On 22 October, ten days after Spungen's death, Vicious tried to kill himself by slitting his wrists with shards from a broken light bulb. He was taken to Bellevue Hospital for observation and while he was there he tried to jump to his death from a window. After orderlies pulled him from he window they reported that he shouted, “I want to be with my Nancy.”
While he was out on bail, Vicious gave an interview where he said that Spungen’s death was inevitability and that it was “meant to happen.” He went onto say that “Nancy always said she'd die before she was 21.” In the same interview Sid continued his suicidal line of thinking when he said that he wanted to be “under the ground.”
Mick Jagger paid for Sid's legal representation

Even though he was a former Sex Pistol, Vicious didn’t have a lot of money to throw around for legal fees. It was never reported at the time, but Rolling Stones singer Mick Jagger paid for Sid’s legal representation.
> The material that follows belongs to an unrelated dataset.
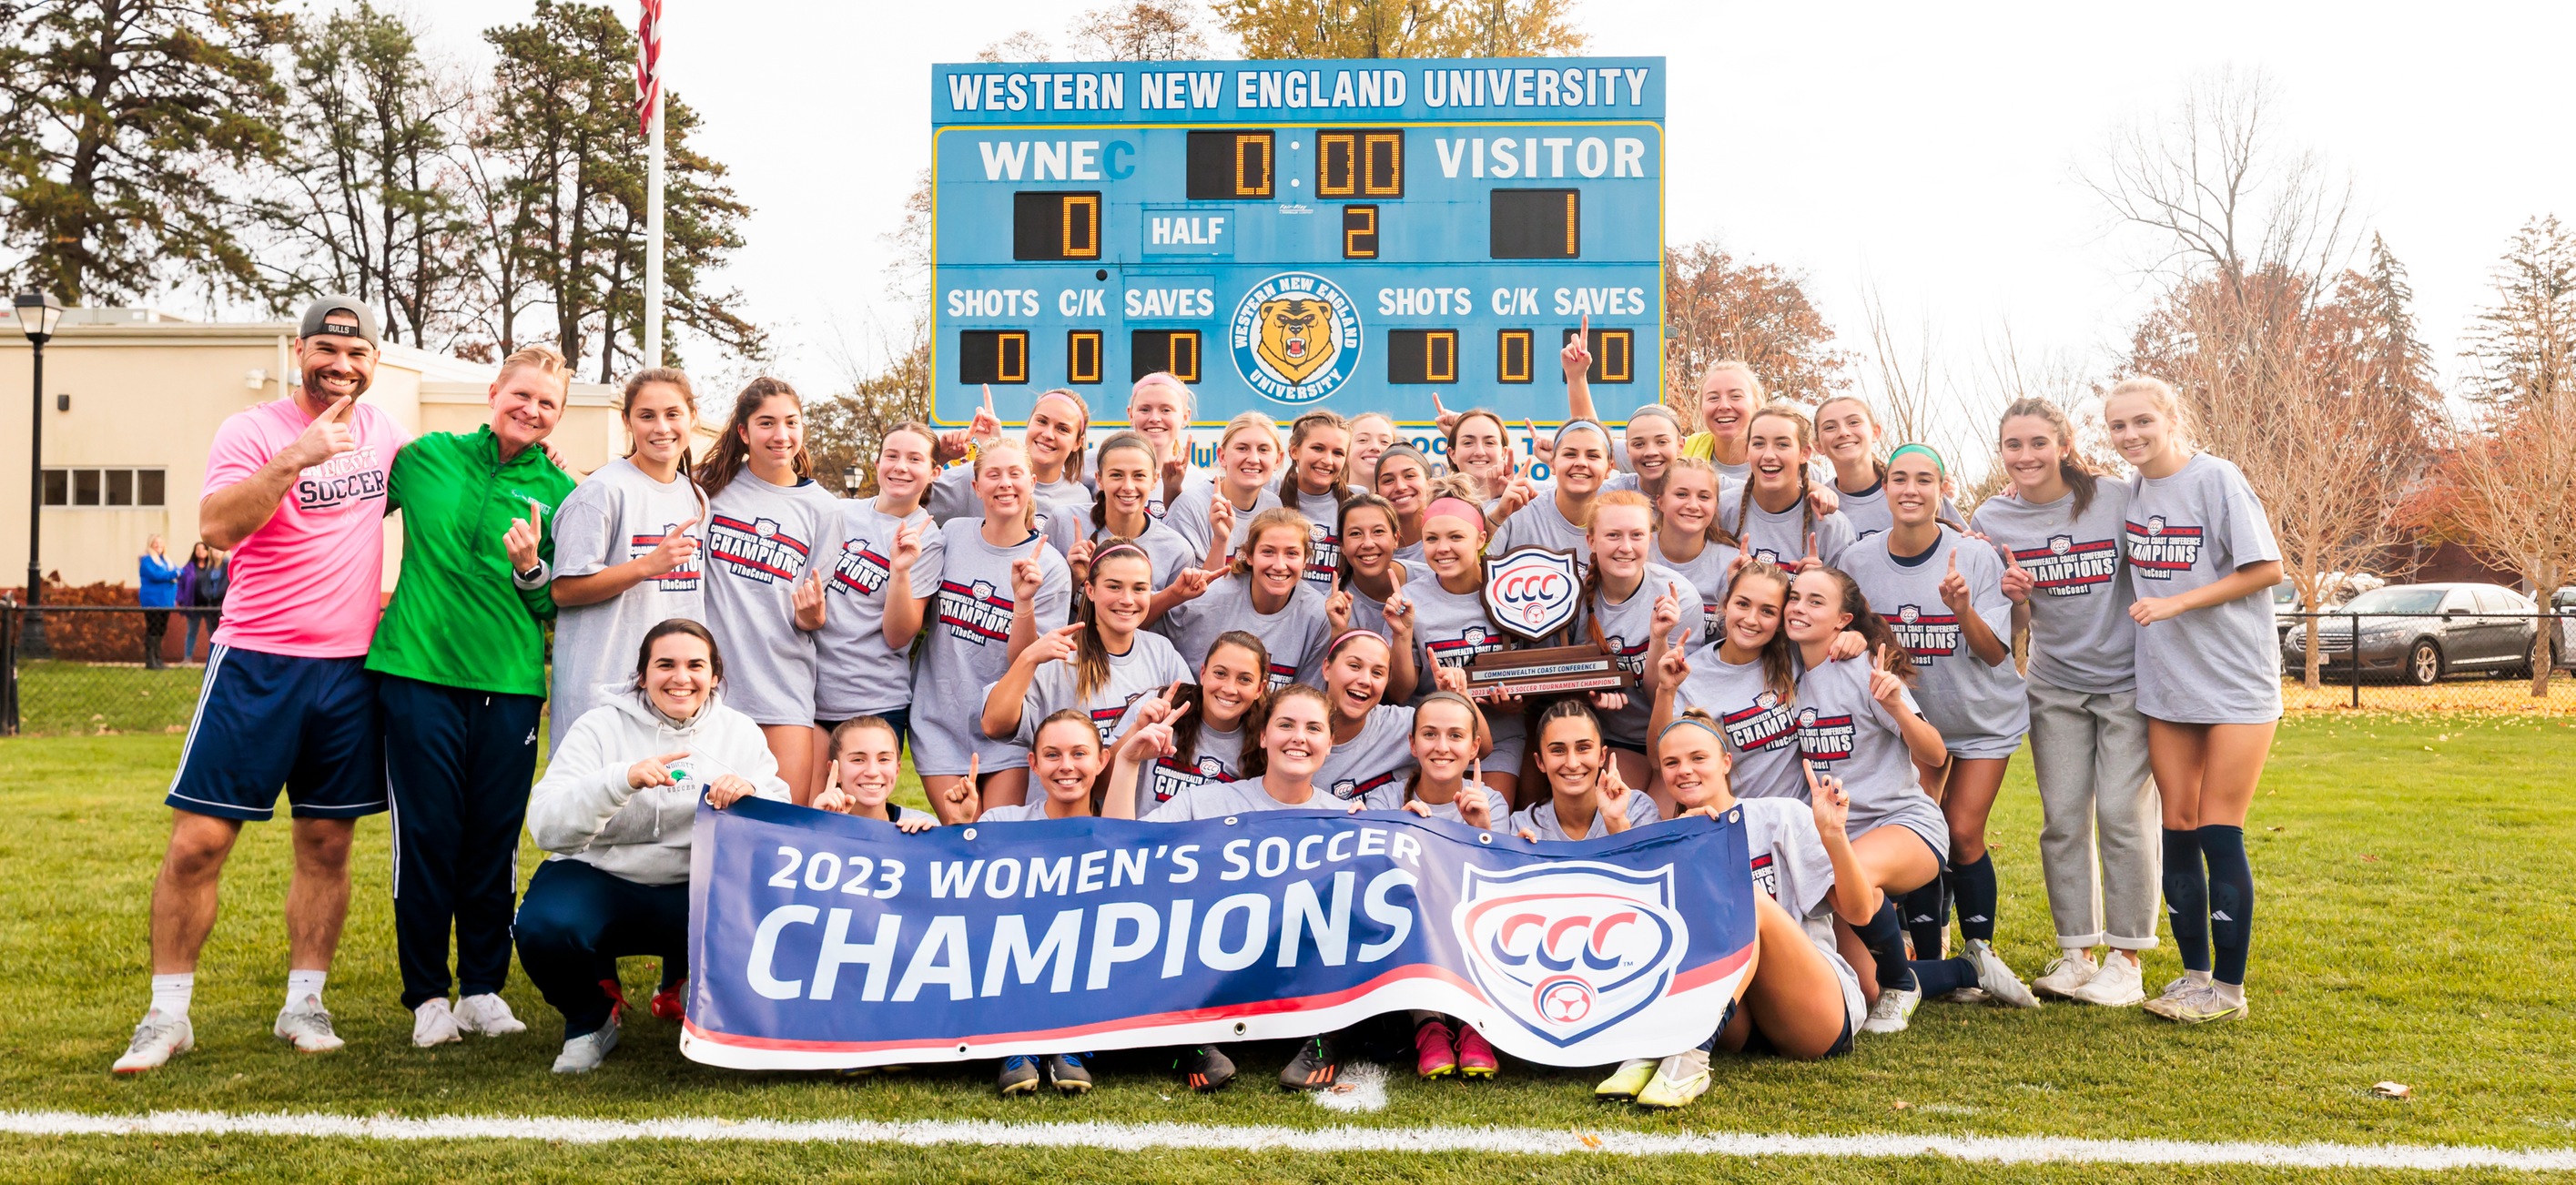 CCC CHAMPIONSHIP: Women's Soccer Bests Western New England, 1-0

Decades later John Lydon finally tipped his hat to Jagger when he said, “Mick Jagger got in there and brought lawyers into it on Sid’s behalf…He never used it to advance himself publicity-wise.”
With Jagger’s lawyers on the case all Vicious had to do was lay low, but that’s not something he knew how to do. On December 9, 1978, Vicious attacked Patti Smith’s brother Todd at a concert in New York. He was arrested and sent to Riker’s Island for a 55 day detox program. When he got out on bail on February 1, 1979 he was placed in the custody of Sex Pistols manager Malcolm McLaren.
Sid died before Nancy's death could be solved

After making bail on February 1 Vicious threw himself a going away party -- it’s just that he didn’t know it at the time. Members of the New York punk scene all stopped by while Vicious took copious amounts of drugs in spite of his recent detox. On February 2, 1979 he was ruled dead by heroin overdose. As he was the number one suspect, his death put an end to the investigation into Nancy’s murder leaving the end of her life up to speculation. If Vicious had survived the night and gone to trial, maybe the NYPD would have discovered a different suspect, or they would have thrown the book at Vicious. Either way we’ll never know exactly what happened.